Cat Leukemia -
Feline Leukemia Virus (FeLV)
Cat leukemia, or feline leukemia virus (FeLV) is a serious viral infection which reduces the cat's ability to fight infections.
This page goes through some of the most frequently asked questions about this disease. Other pages that might be of interest are:
Feline Leukemia Symptoms
Feline Leukemia Test
Feline Leukemia Treatment
Feline Leukemia Vaccine
Cat Leukemia - Common Questions And Answers
1) What is feline leukemia exactly?
It's a virus that attacks the cat's white blood cells. These are responsible for fighting infections. So a cat with leukemia will find it difficult to fight off infections that a healthy cat would get rid of easily.
As the disease progresses, he'll get more and more infections that he'll find increasingly hard to shake off.
2) So is it the same as Feline AIDS (Feline Immunodeficiency Virus?)
No. It's not the same virus as feline immunodeficiency virus, although quite a few of the symptoms and signs are similar.
3) Can humans catch it?
No. It can't be transmitted to humans, and it can't give humans AIDS. It also can't infect other species - e.g. dogs. It's totally specific to cats.
4) How do cats get feline leukemia virus?
The virus is found in saliva, urine, blood and other secretions produced by cats. It's spread by licking and biting, and via shared food bowls and litter boxes.
The virus doesn't survive long outside the cat's body, so close contact is needed for infection to occur.
Kittens born to an infected mother will usually all be infected.
5) So can I give cat leukemia to my healthy cat if I've petted an FeLV infected cat?
It's highly unlikely, as the virus doesn't survive long away from the infected cat.
However, it may be possible to infect a healthy cat if you pass saliva, urine or blood from an infected cat to the healthy cat within a short space of time.
If you've petted a cat that you think may have been infected, just take sensible precautions before petting your cat - i.e. remove and launder any clothes that were in contact, thoroughly wash your hands with anti-bacterial handwash etc.
6) How do I reduce the risk of my cat getting FeLV?
The disease is often spread during a male cat fight. Neutering your cat will greatly reduce this fighting male cat behavior, and will therefore reduce the risk. Also, spaying your female cat will help to reduce the risk of her getting the disease through sex with an infected male.

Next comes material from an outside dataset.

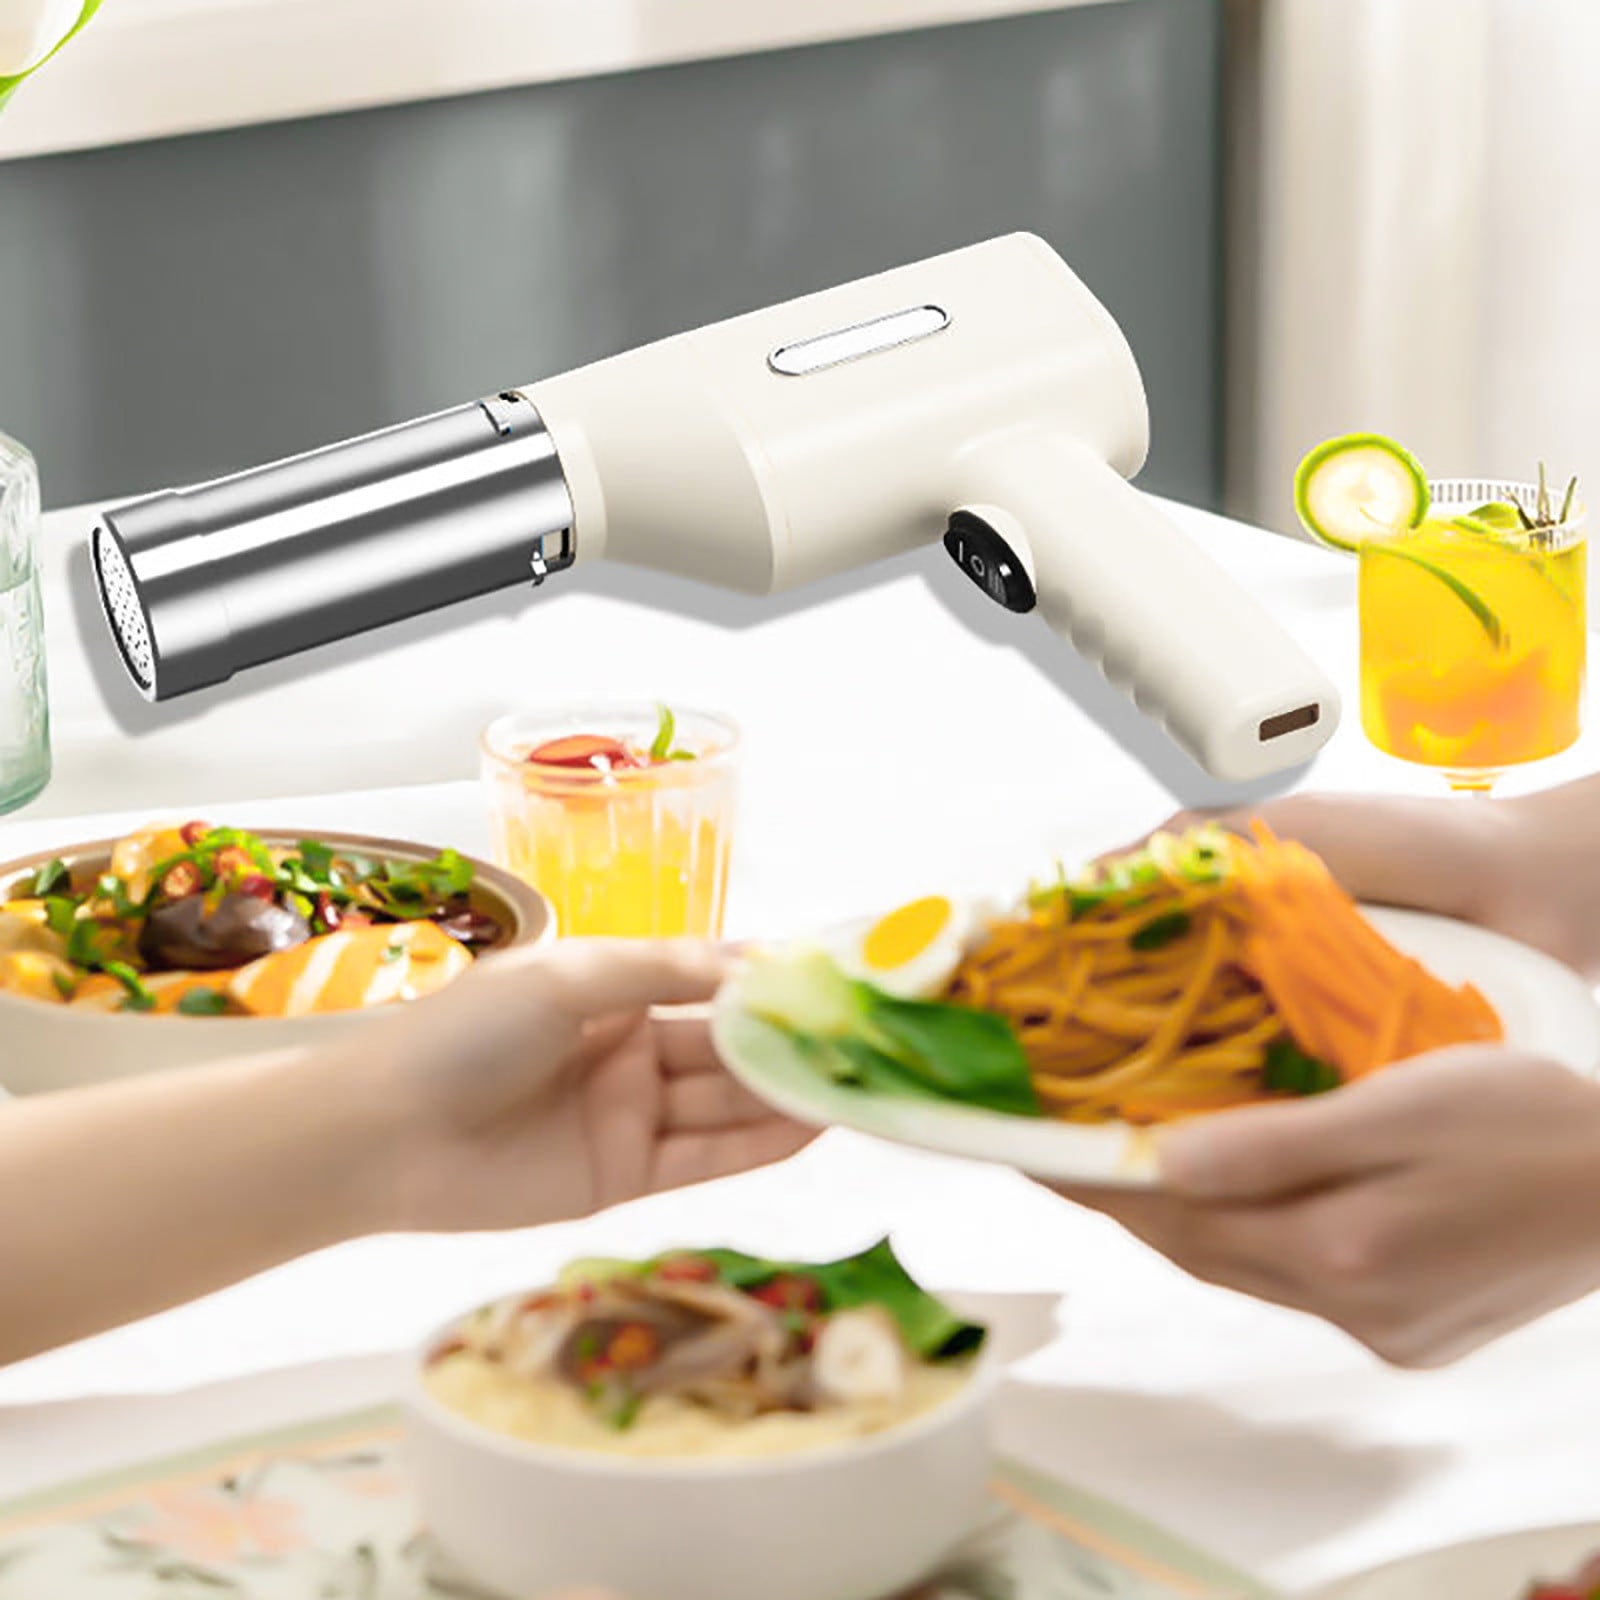 Dough and Noodle Machine Paste Press Home Electric Small Multifunctional  Handheld Wireless Gun Pasta Making Kneading Automaton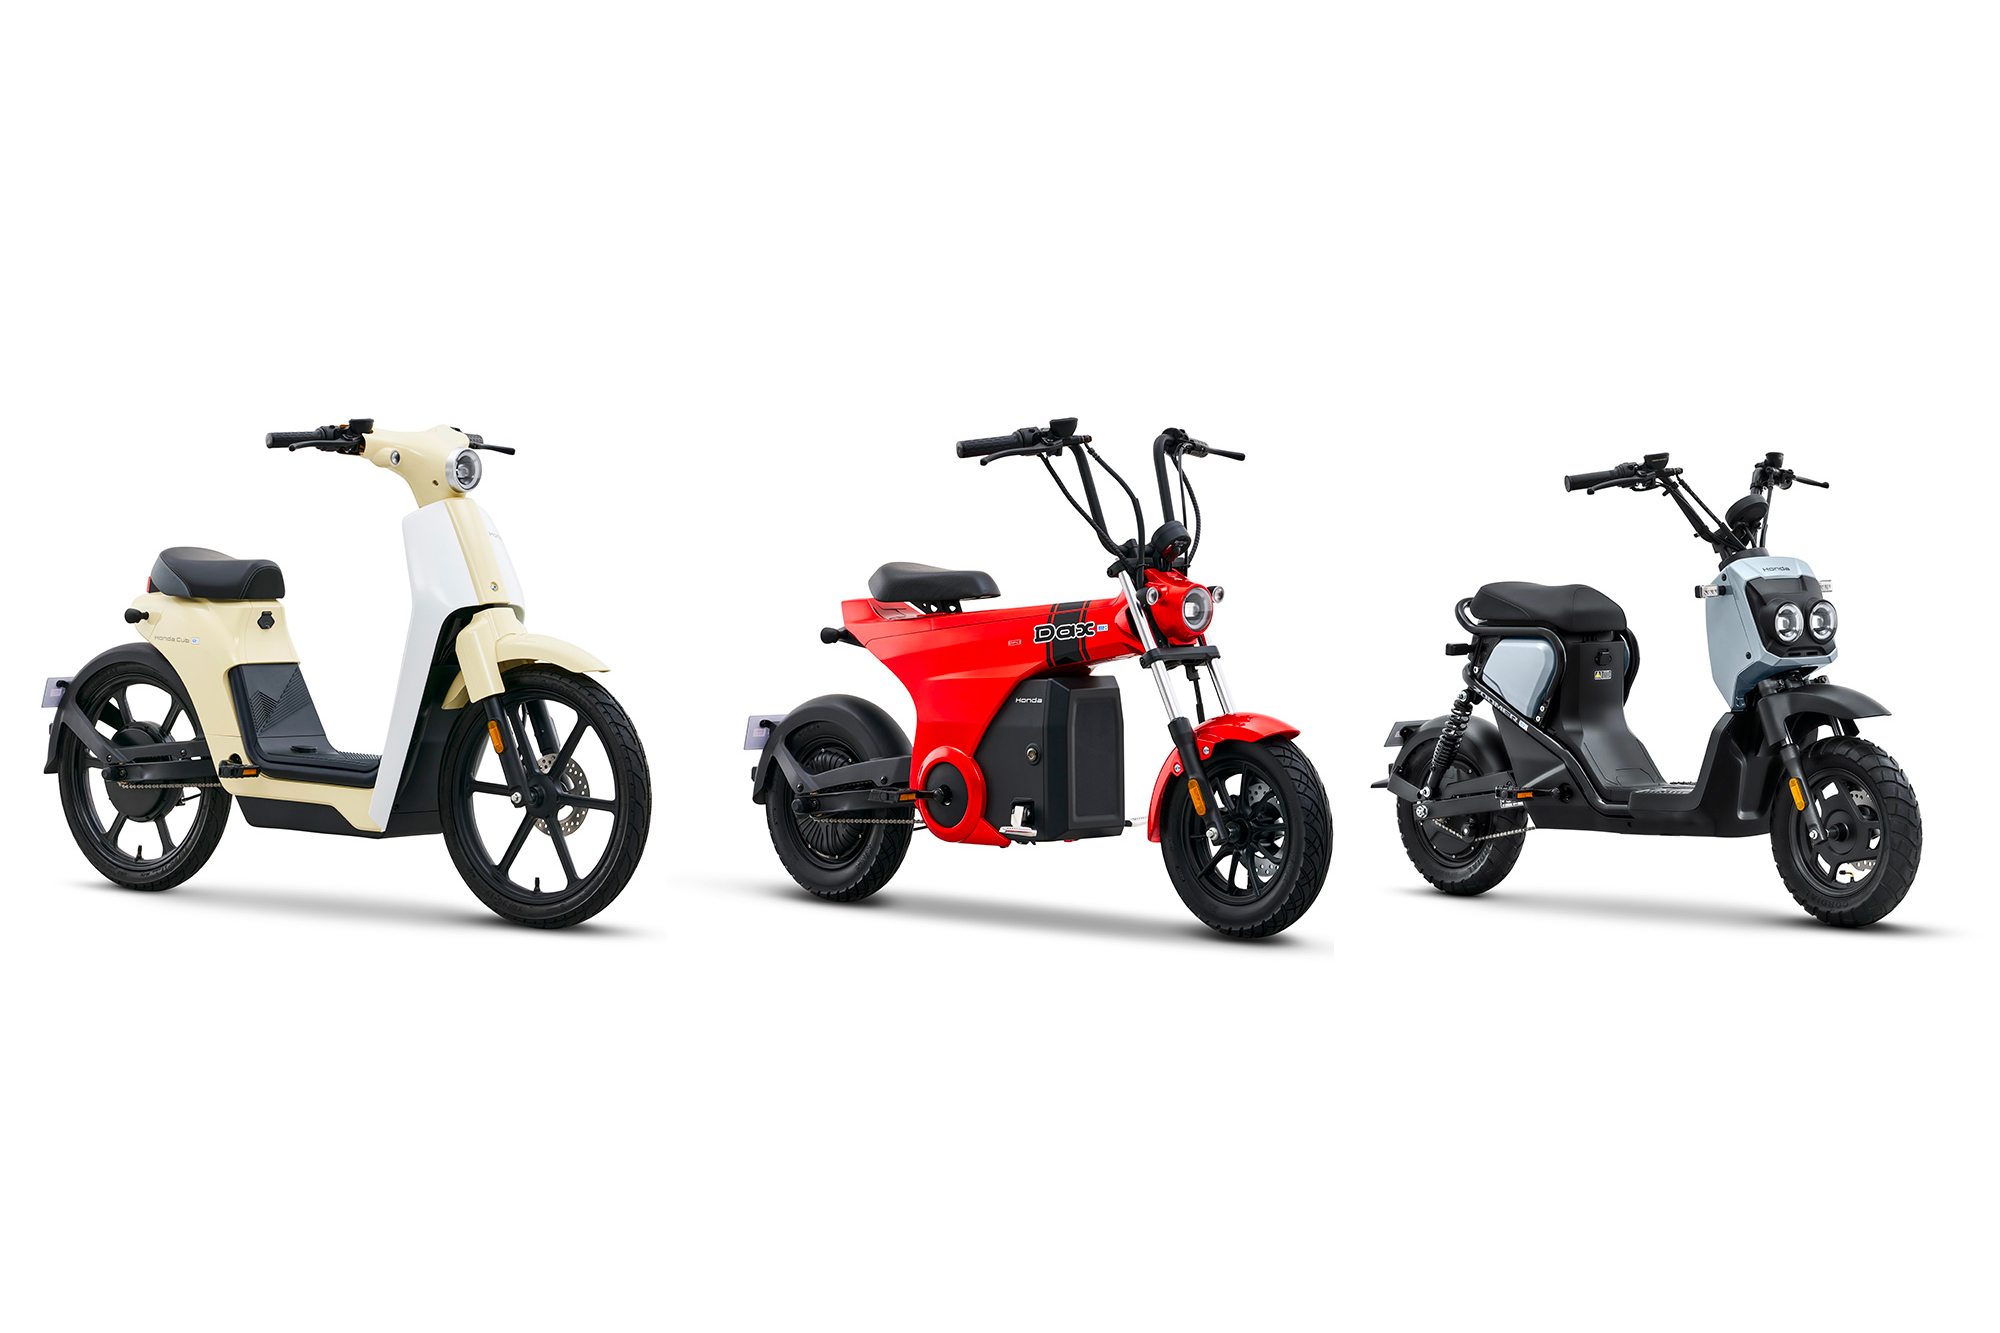 Cub, Dax, and Zoomer reprised as retro scooters for China

There is a feline leukemia vaccine, but it's not 100 percent effective. However, your vet will probably recommend getting your cat vaccinated if he / she goes outside.
7) How is cat leukemia diagnosed?
The disease is diagnosed by a blood test. The vet will normally carry this out in-house first and then get it confirmed by a commercial lab. A lot of healthy cats will successfully get rid of the infection. For this reason, if a cat tests positive, the test is usually repeated 12 weeks later. Click here for more information on the feline leukemia test.
8) My cat is infected. What do I do now?
Your vet will have a detailed discussion with you when the diagnosis is confirmed. Things covered will include:
- Keeping your cat indoors. This is recommended to prevent him from spreading the disease to other cats, and to help reduce the risk of him catching other infections.
- What to do if you have a multi-cat household. Your vet will recommend getting the other cats tested too. You'll need to decide whether you keep the infected and non-infected cats apart. This is a difficult decision, and will take into account many different factors that are specific to your situation. Your vet will talk you through the options. Click here for advice on health insurance for your cat.
Cats with cat leukemia can live happily and healthily, sometimes for a number of years. A good relationship with your vet, regular check-ups and prompt treatment of any infections will help to prolong cat life expectancy and improve quality of life.